### Task brief
Copy exactly the lines of the records below, starting at the line that contains "Chevrolet Aveo / Dàn" and continuing through the last line, both included; omit any pictures.

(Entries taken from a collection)
--------------------------------------------------

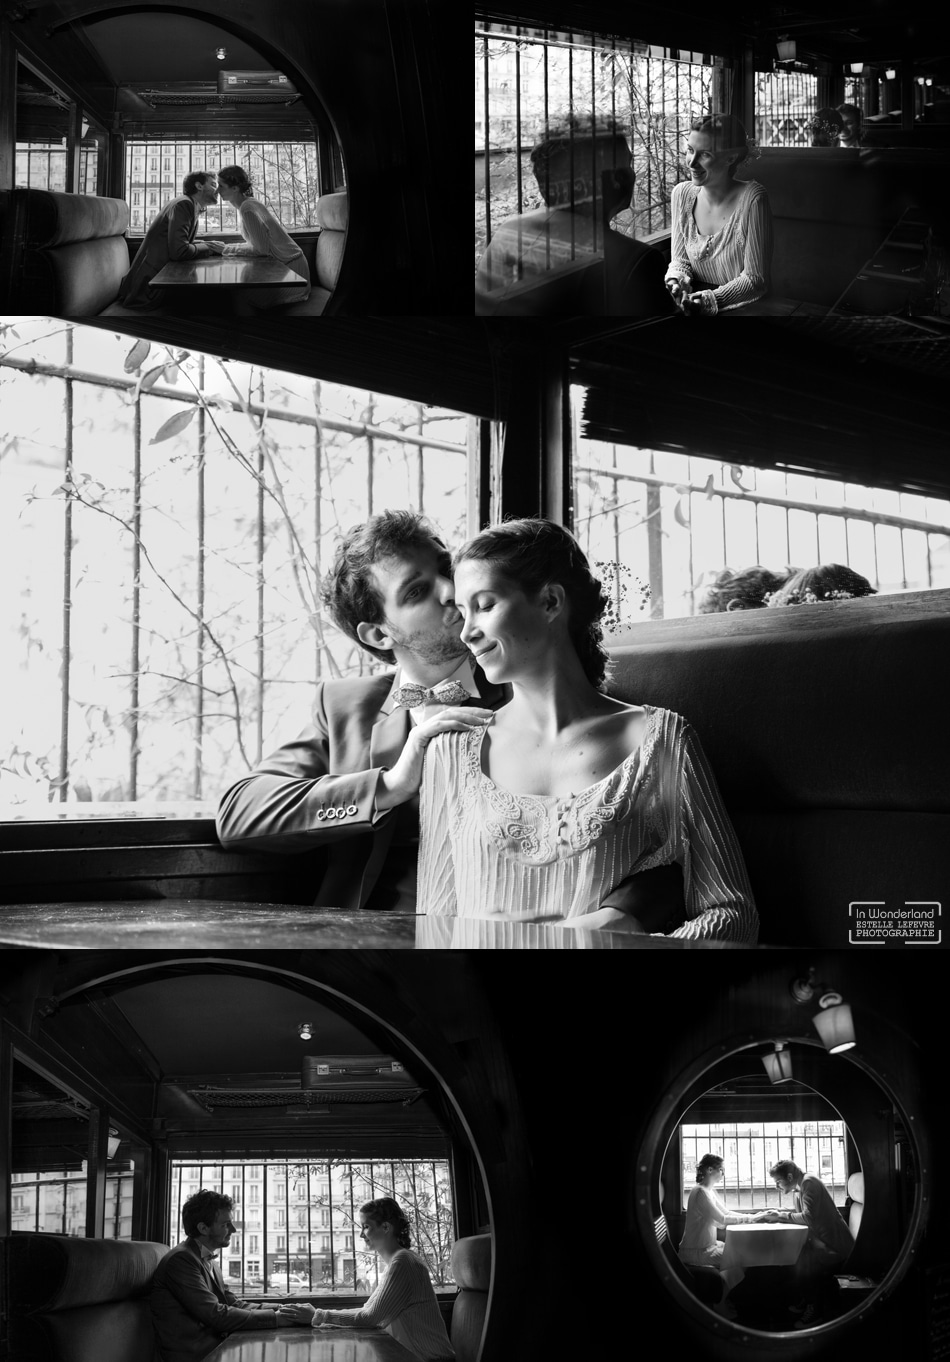 photographe-mariage-wagon-bleu-Paris
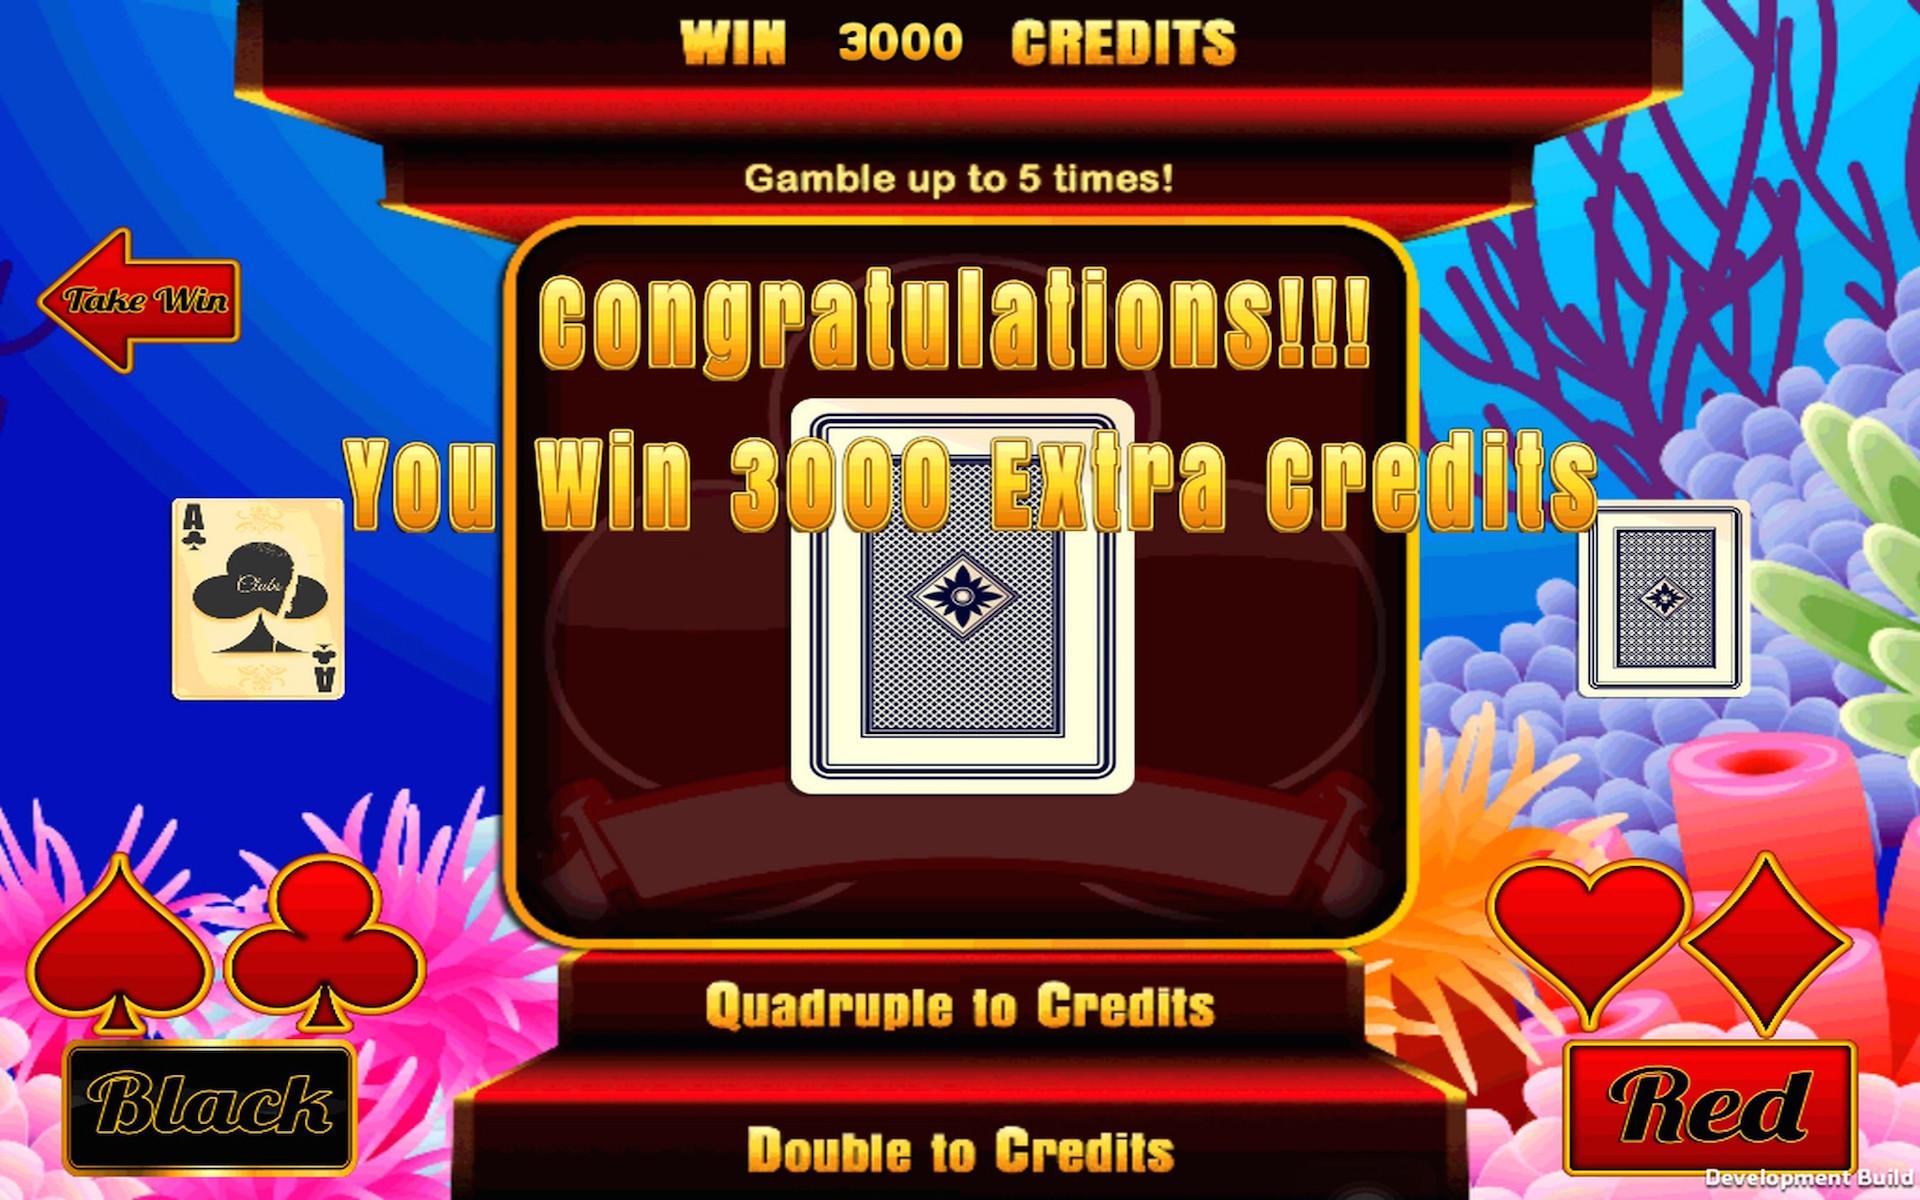 Promociones casino juegos betspin com 641569
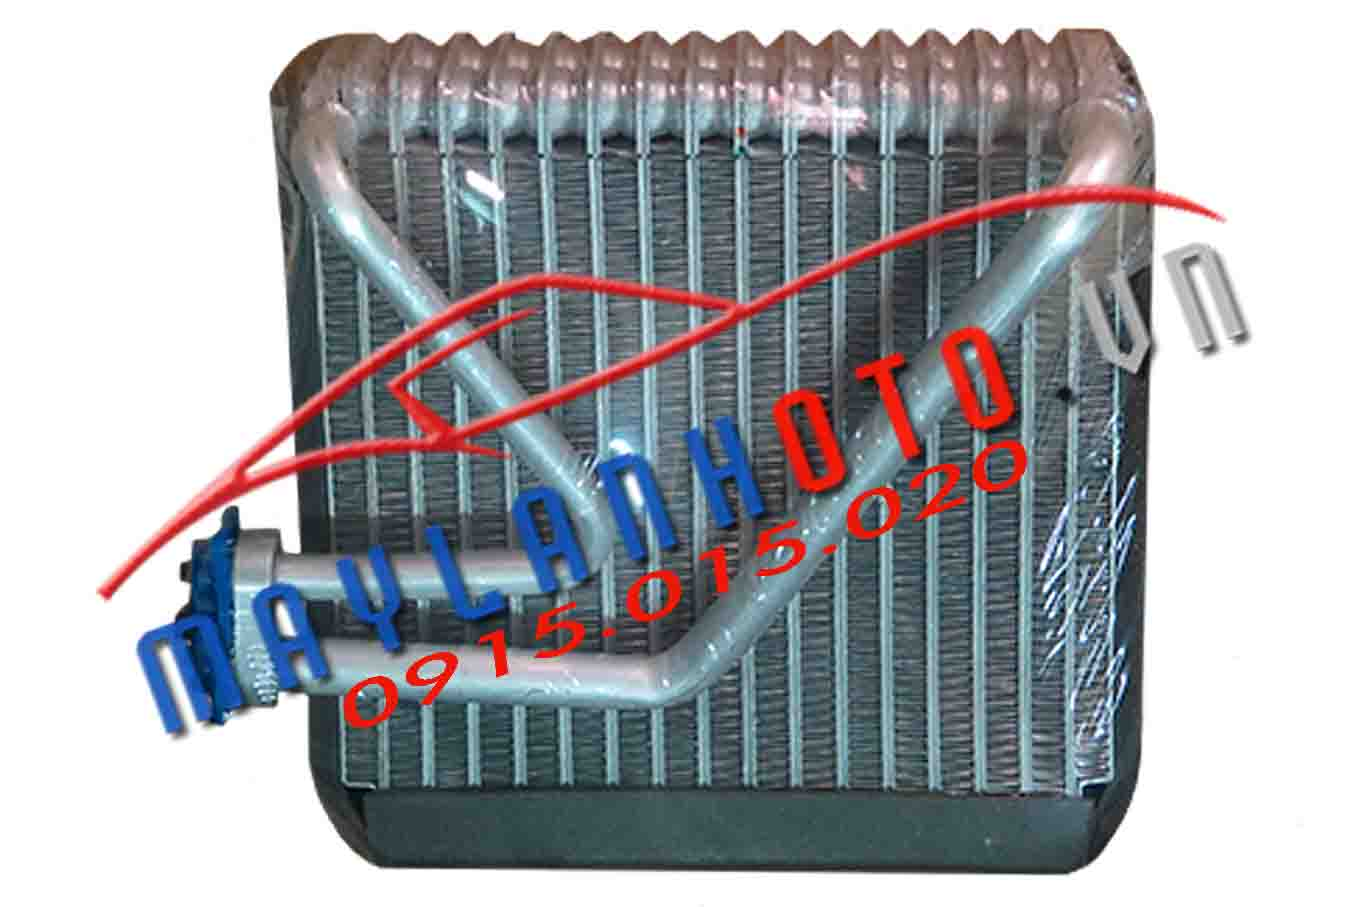 Chevrolet Aveo / Dàn lạnh Chevrolet Aveo / Giàn lạnh Chevrolet Aveo
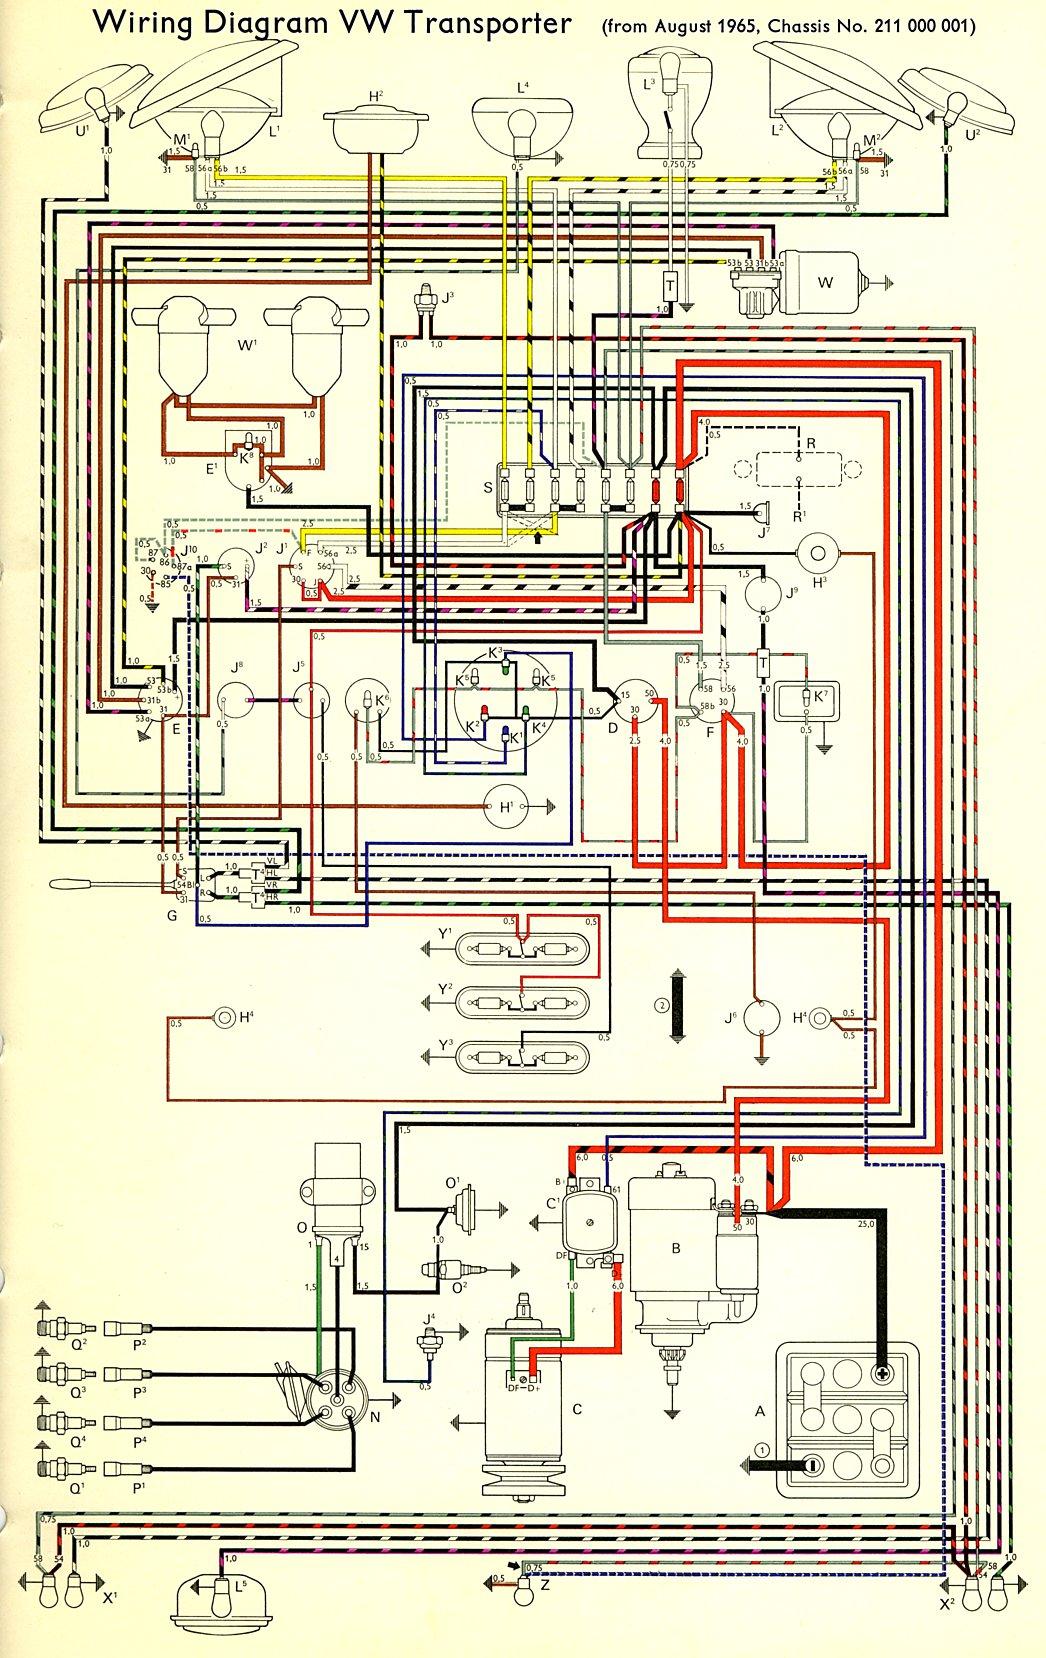 Bus Wiring Diagram
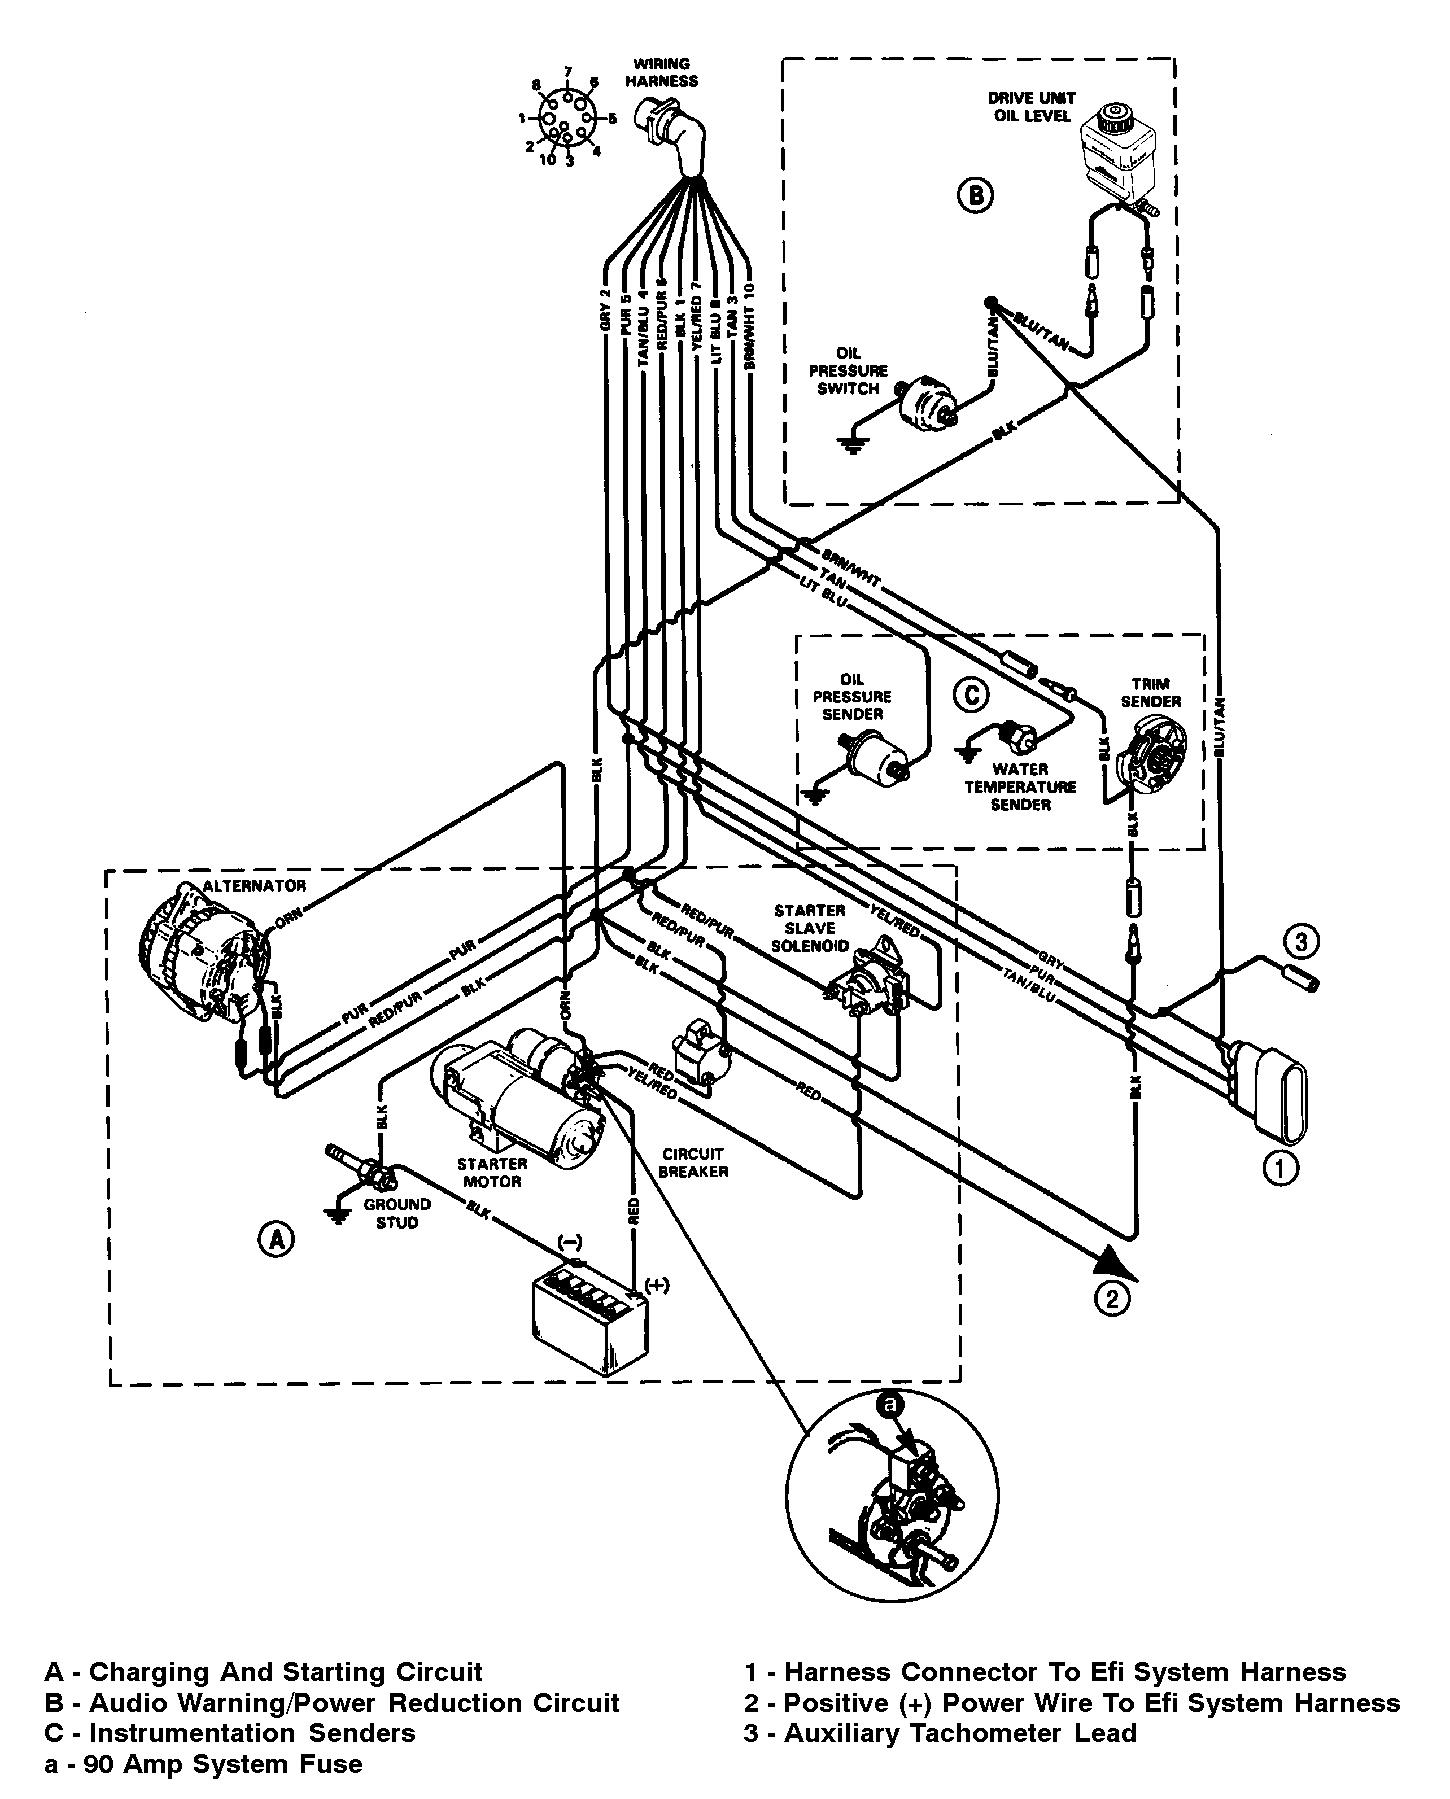 hight resolution of mercruiser 350 wiring diagram wiring diagram schematics rh 3 2 schlaglicht regional de mercruiser 350 mag mpi wiring diagram mercruiser 350 mag mpi wiring

--------------------------------------------------

### The completed task
 Chevrolet Aveo / Dàn lạnh Chevrolet Aveo / Giàn lạnh Chevrolet Aveo
 Bus Wiring Diagram
 hight resolution of mercruiser 350 wiring diagram wiring diagram schematics rh 3 2 schlaglicht regional de mercruiser 350 mag mpi wiring diagram mercruiser 350 mag mpi wiring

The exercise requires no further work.